▸ **The problem**
Output only the lines below from the one containing "Ralph Lauren China" to the one containing "Dr. Barbara Sturm Hyaluronic Serum, 30ml", exactly as written, both ends kept.

▸ **Records supplied**
┄┄┄┄┄┄┄┄┄┄
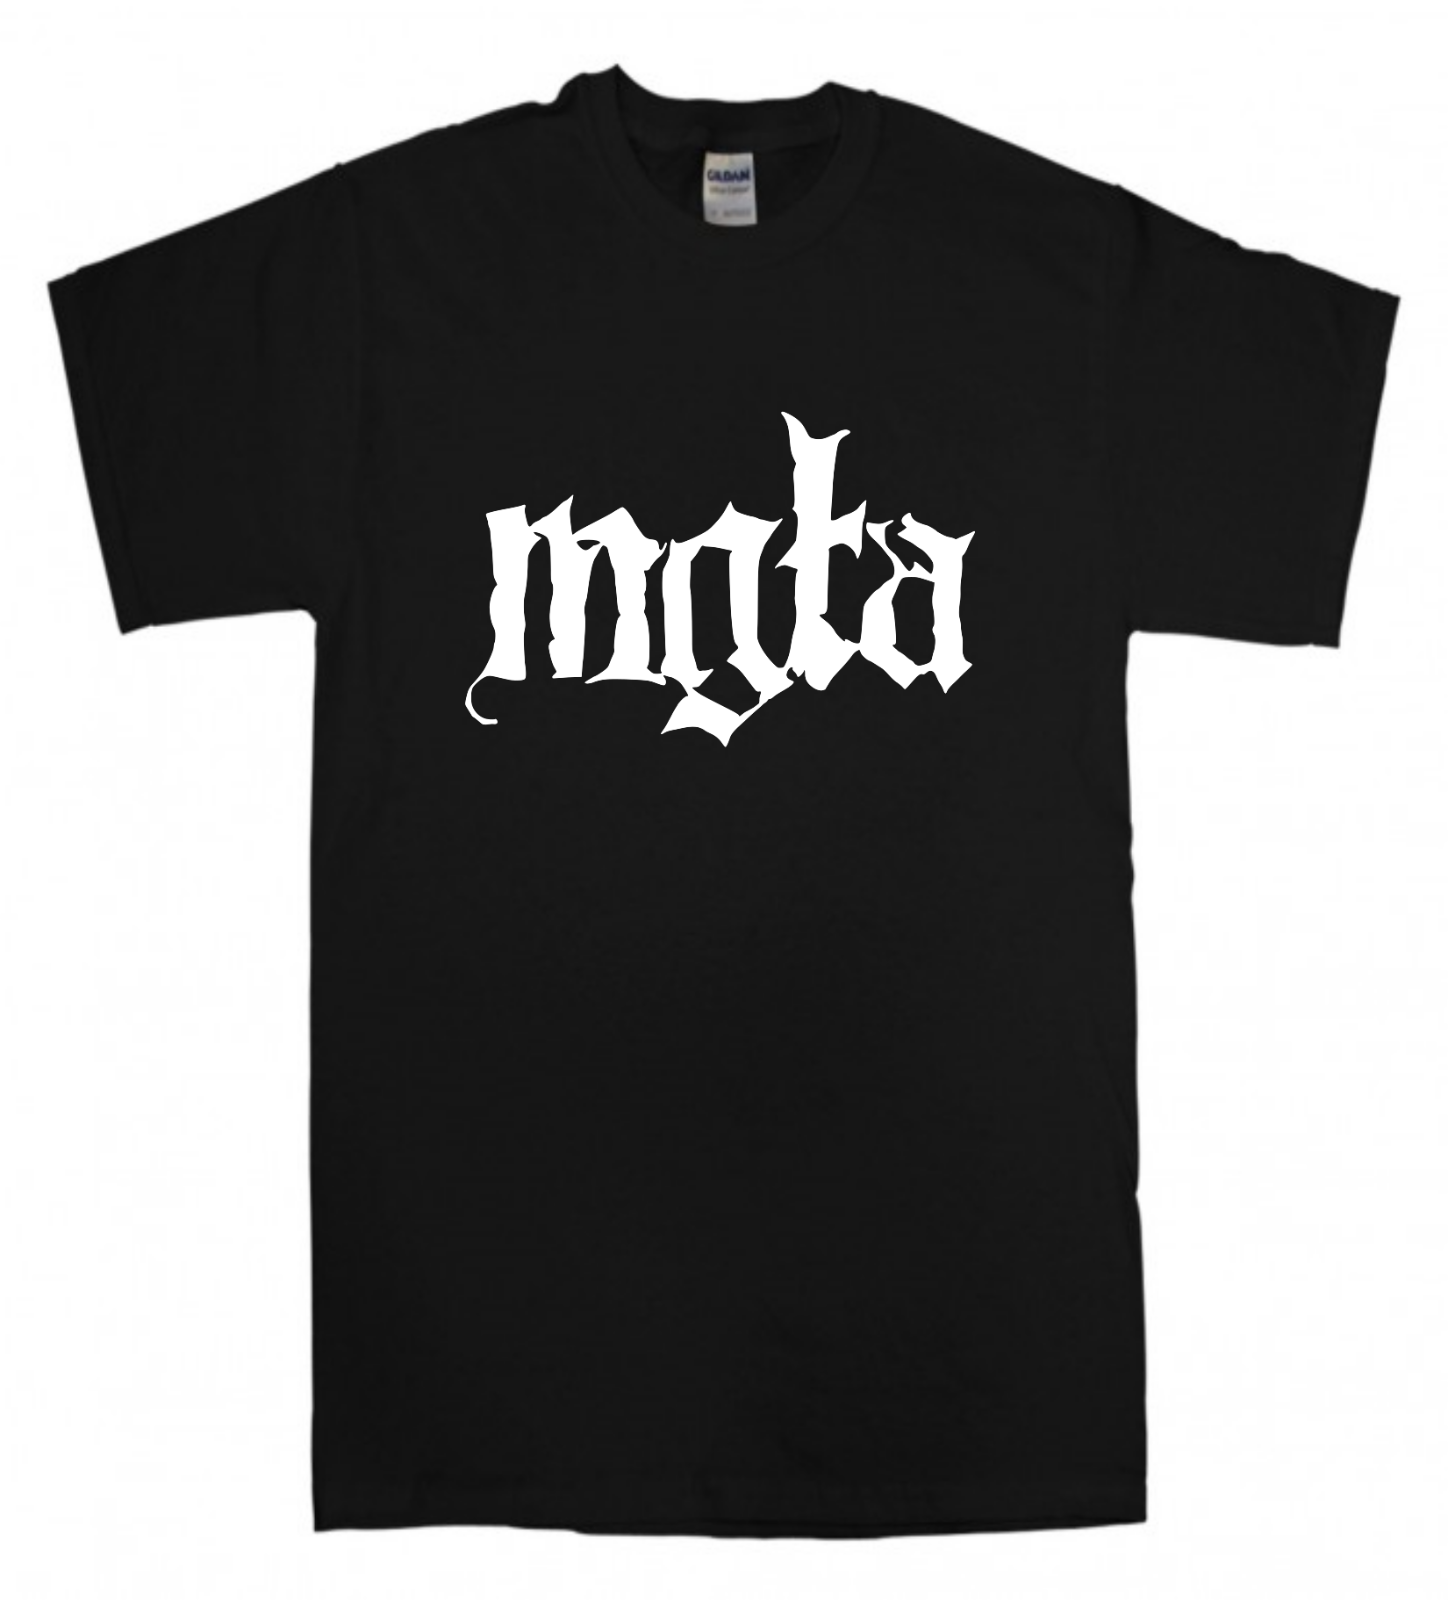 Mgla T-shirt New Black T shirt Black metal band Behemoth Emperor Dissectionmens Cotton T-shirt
┄┄┄┄┄┄┄┄┄┄
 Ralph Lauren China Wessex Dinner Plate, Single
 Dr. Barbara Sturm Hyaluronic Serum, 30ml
┄┄┄┄┄┄┄┄┄┄
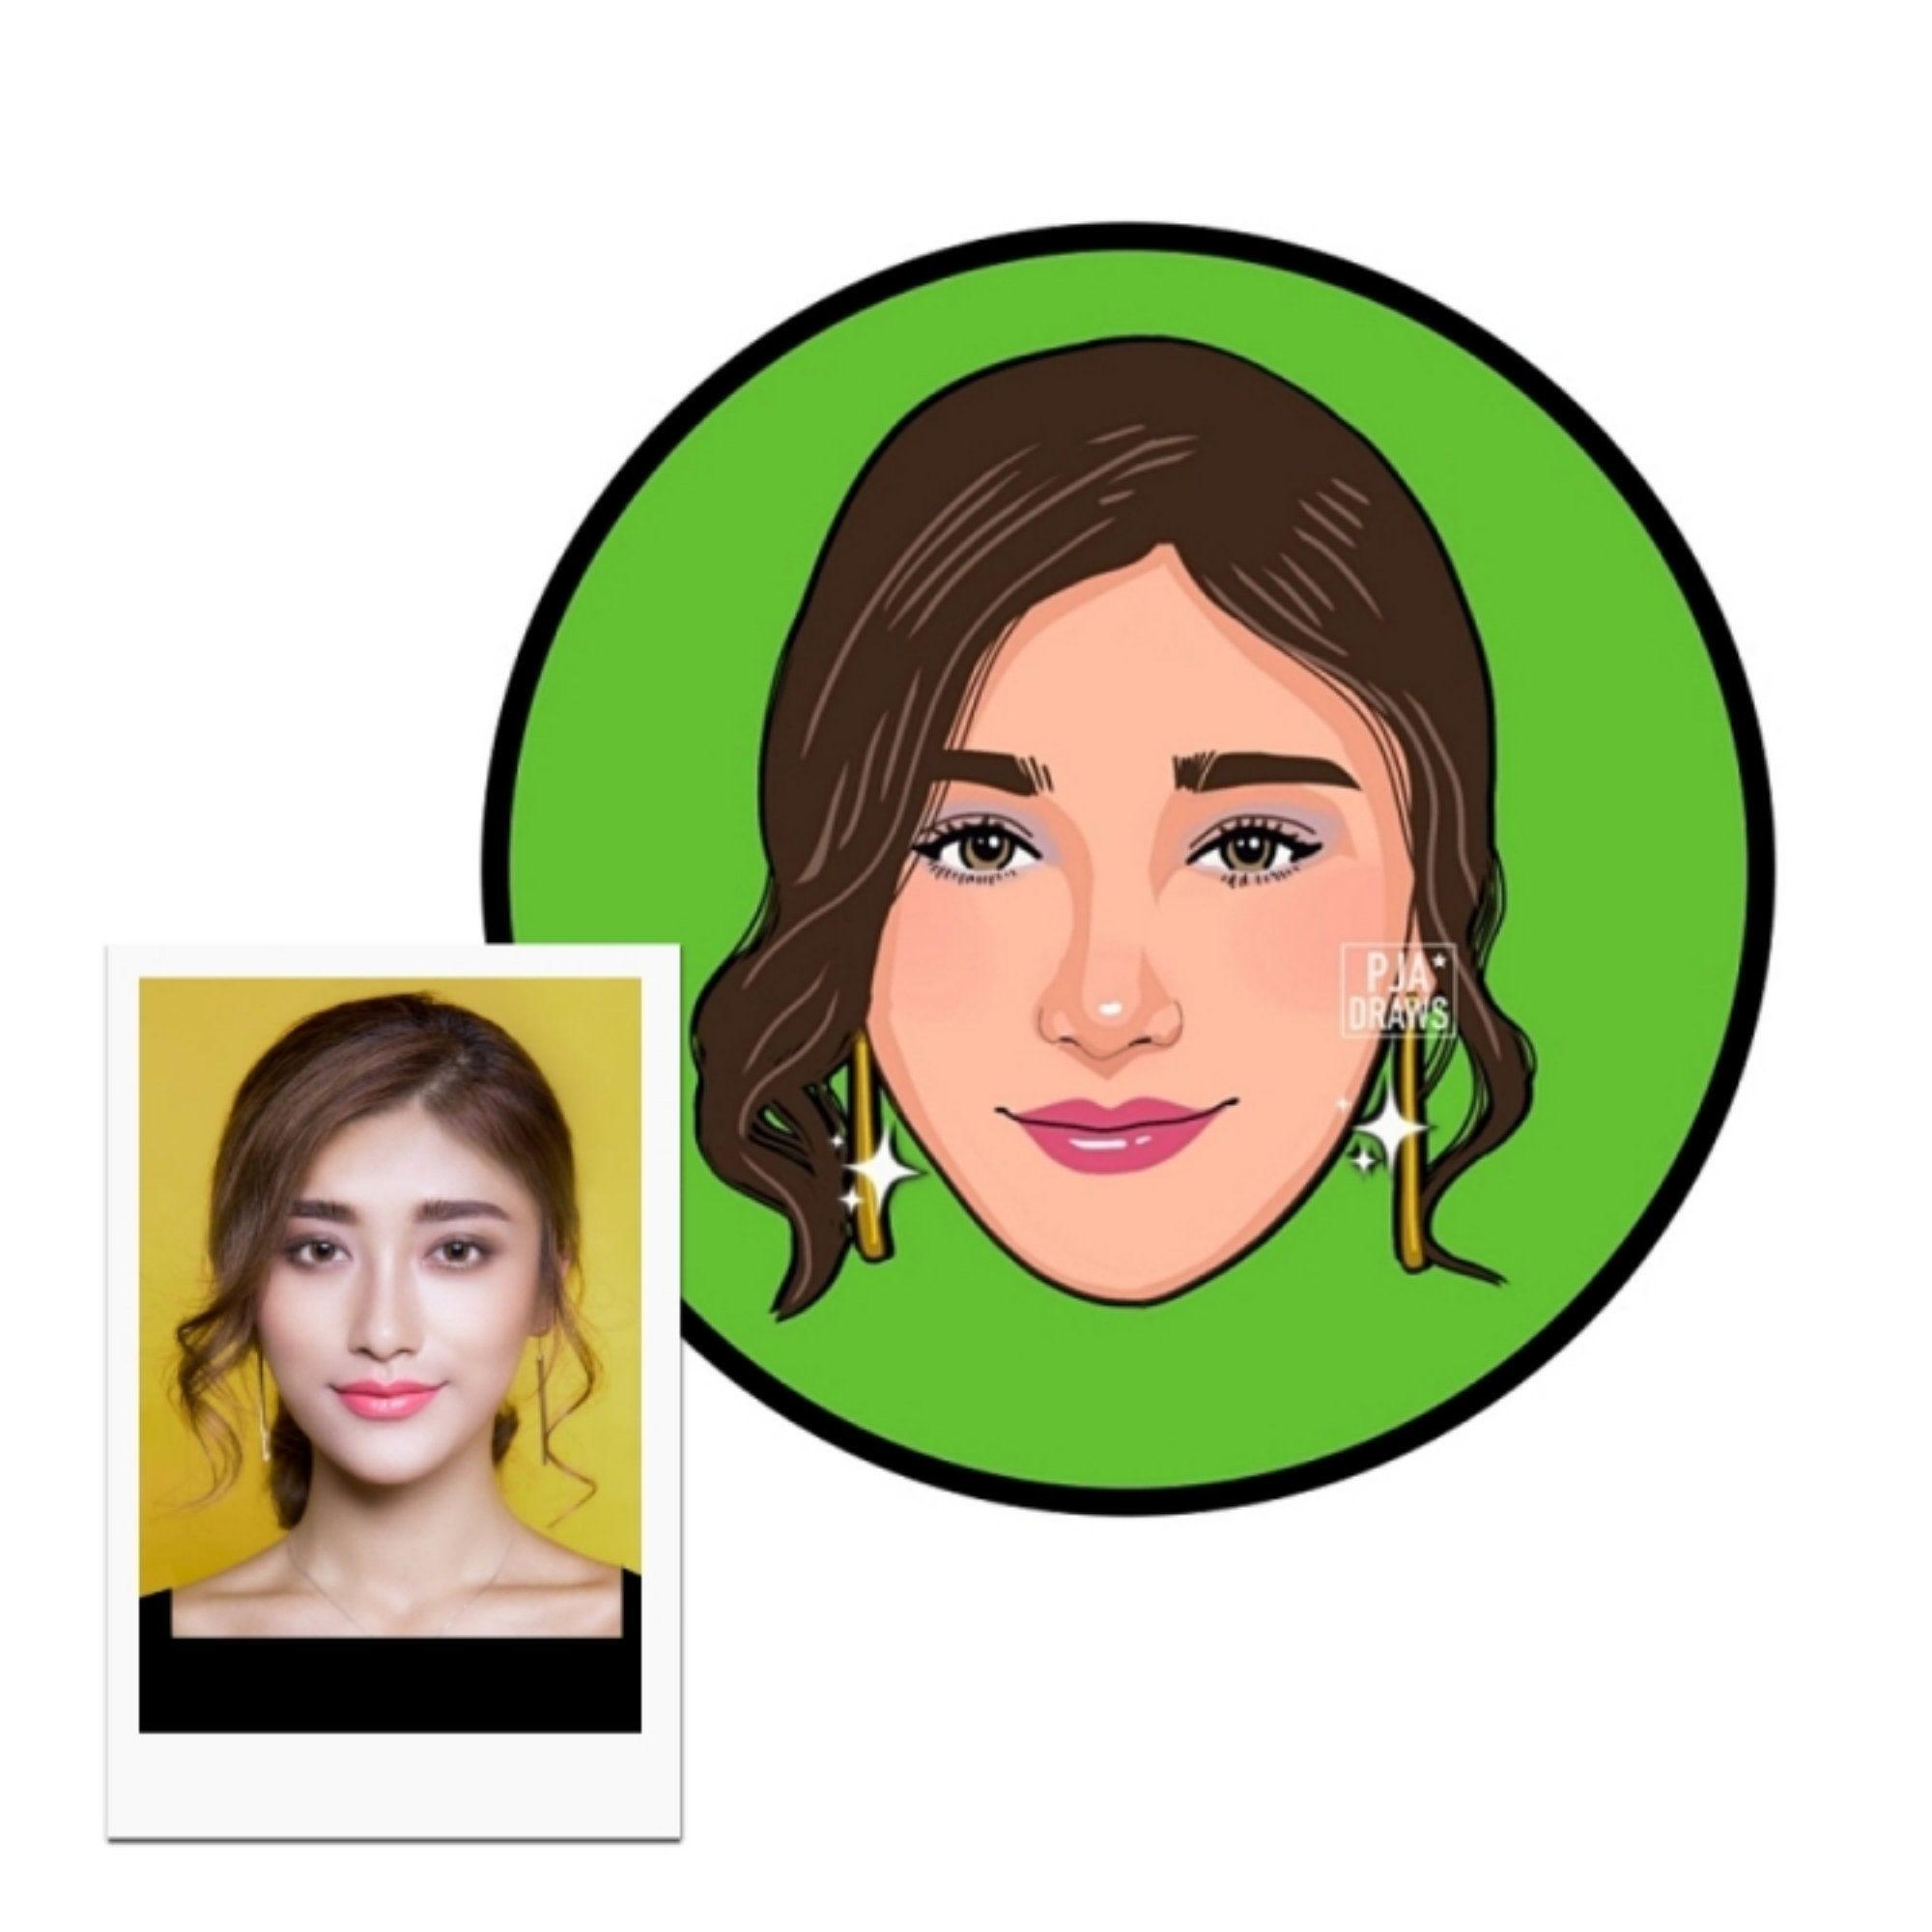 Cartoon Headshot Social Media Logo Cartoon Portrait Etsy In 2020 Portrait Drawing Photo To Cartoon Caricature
┄┄┄┄┄┄┄┄┄┄
▸ **Answer space**
 Ralph Lauren China Wessex Dinner Plate, Single
 Dr. Barbara Sturm Hyaluronic Serum, 30ml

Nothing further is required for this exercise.